Load with MLP.from_dict() via infer_mlp.py.

CSV Conventions

All training scripts store epoch-level rows: epoch,loss,accuracy (accuracy ∈ [0,1]). Visualization multiplies accuracy by 100 for plotting. Automation script for AND gate uses different CSVs: and_gate_trials.csv & and_gate_accuracy_curve.csv.
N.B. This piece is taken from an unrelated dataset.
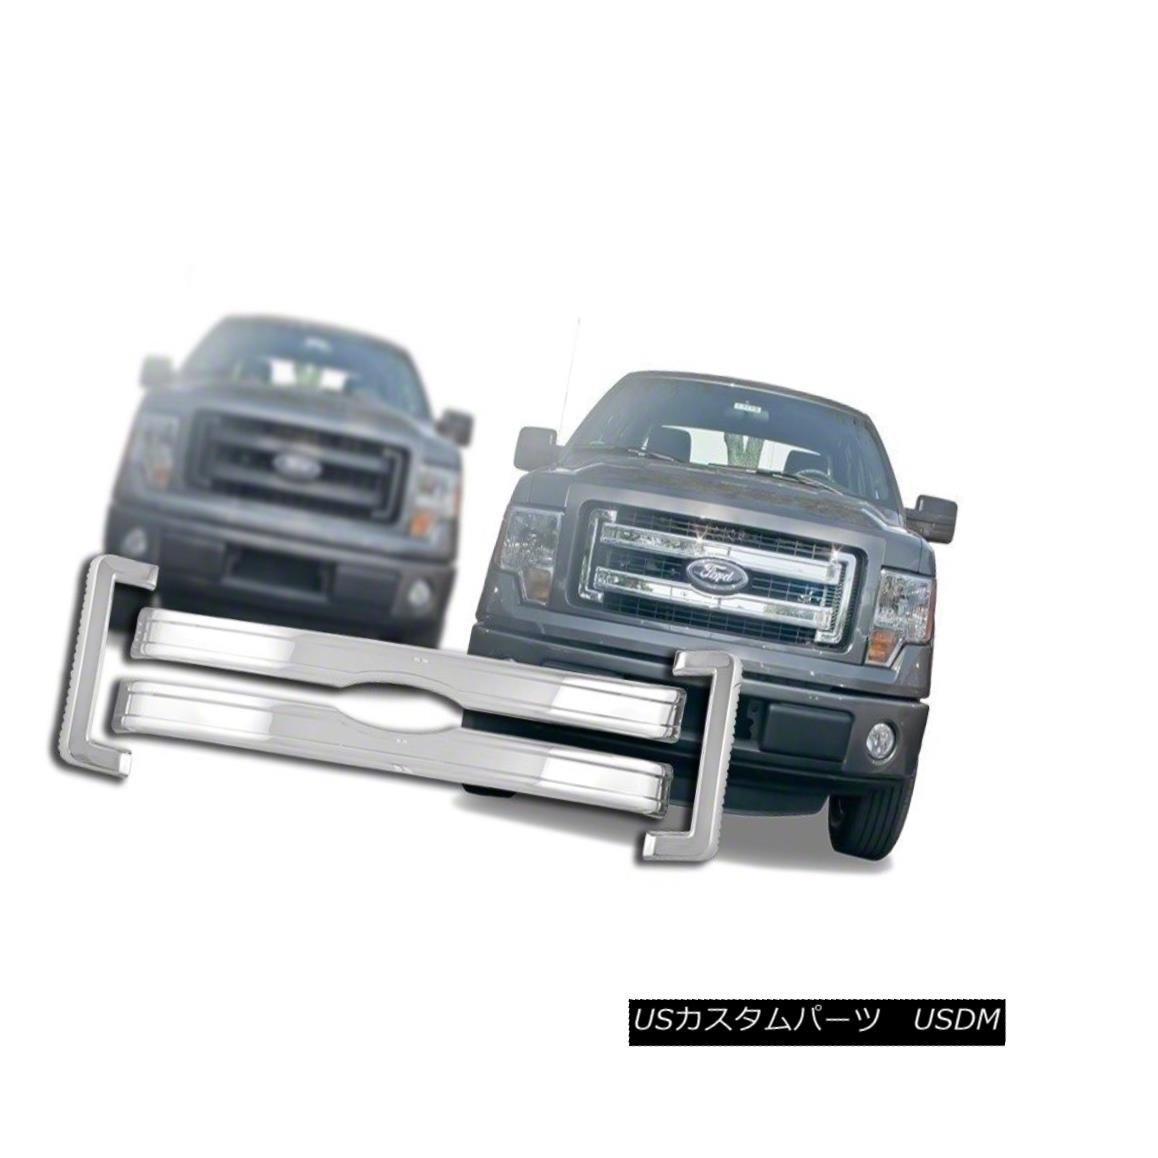 USグリル Chrome Grille Overlay-Fits 2013-14 Ford F150-IWCGI113 Chromeグリルオーバーレイ - 2013-14 Ford F150-IWCGI113に適合

Design Choices & Limitations

  • Simplicity prioritized: raw Python lists for matrices; clear loops over vectorized operations.
  • MSE for classification: fine on tiny problems; replace with cross‑entropy + softmax for multi‑class robustness.
  • Sigmoid everywhere: introduces potential saturation; depth kept minimal to mitigate vanishing gradients.
  • No momentum / Adam / weight decay: educational focus on base gradient descent.
  • Early stopping uses accuracy only; could add validation loss patience.
  • Deterministic dataset generation ensures reproducible Tic‑Tac‑Toe splits (random only in shuffling & weight init).

Troubleshooting

  • XOR does not converge: increase hidden size (--hidden 4 or 8) or adjust --lr (0.3–0.8). Extremely high --lr may destabilize.
  • Loss plateaus: try lowering learning rate or using smaller batch (set batch_size < dataset length).
  • NaN values: usually from large weights + high lr; restart with lower lr.
  • Visualization finds no files: confirm CSVs in results/ and metric columns present.

Quick Reference Commands

# Perceptron AND training
python3 bs/my_perceptron.py --new 2 --train --steps 40 data/and_gate.txt --save perceptron_and.json

# Perceptron XOR failure
python3 bs/my_perceptron.py --new 2 --train --steps 40 --max-phases 30 data/xor_gate.txt

# XOR MLP training
python3 scripts/train_xor_mlp.py --hidden 4 --lr 0.5 --epochs 5000 --out results --save-model results/xor_model.json

# XOR benchmarking
python3 scripts/benchmark_xor.py --hidden 2 3 4 5 --lr 0.3 0.5 0.8 --epochs 5000 --trials 3 --out results/xor_benchmark.csv

# Inference
python3 scripts/infer_mlp.py --model results/xor_model.json --input 0 1

# Visualization overlay
python3 scripts/visualize_results.py --dir results --metric accuracy --out results/overlay_accuracy.png

Extending Next

  • Cross‑entropy + softmax output layer.
  • Confusion matrix + precision/recall (macro + per class).
  • Momentum / Adam optimizer abstraction.
  • Gradient clipping for stability on larger hidden layers.
  • Adjustable initialization (Xavier/He) to reduce early saturation.
  • Export to ONNX or a lightweight inference format.
  • Add command to compute Tic‑Tac‑Toe board feature importance (per input perturbation).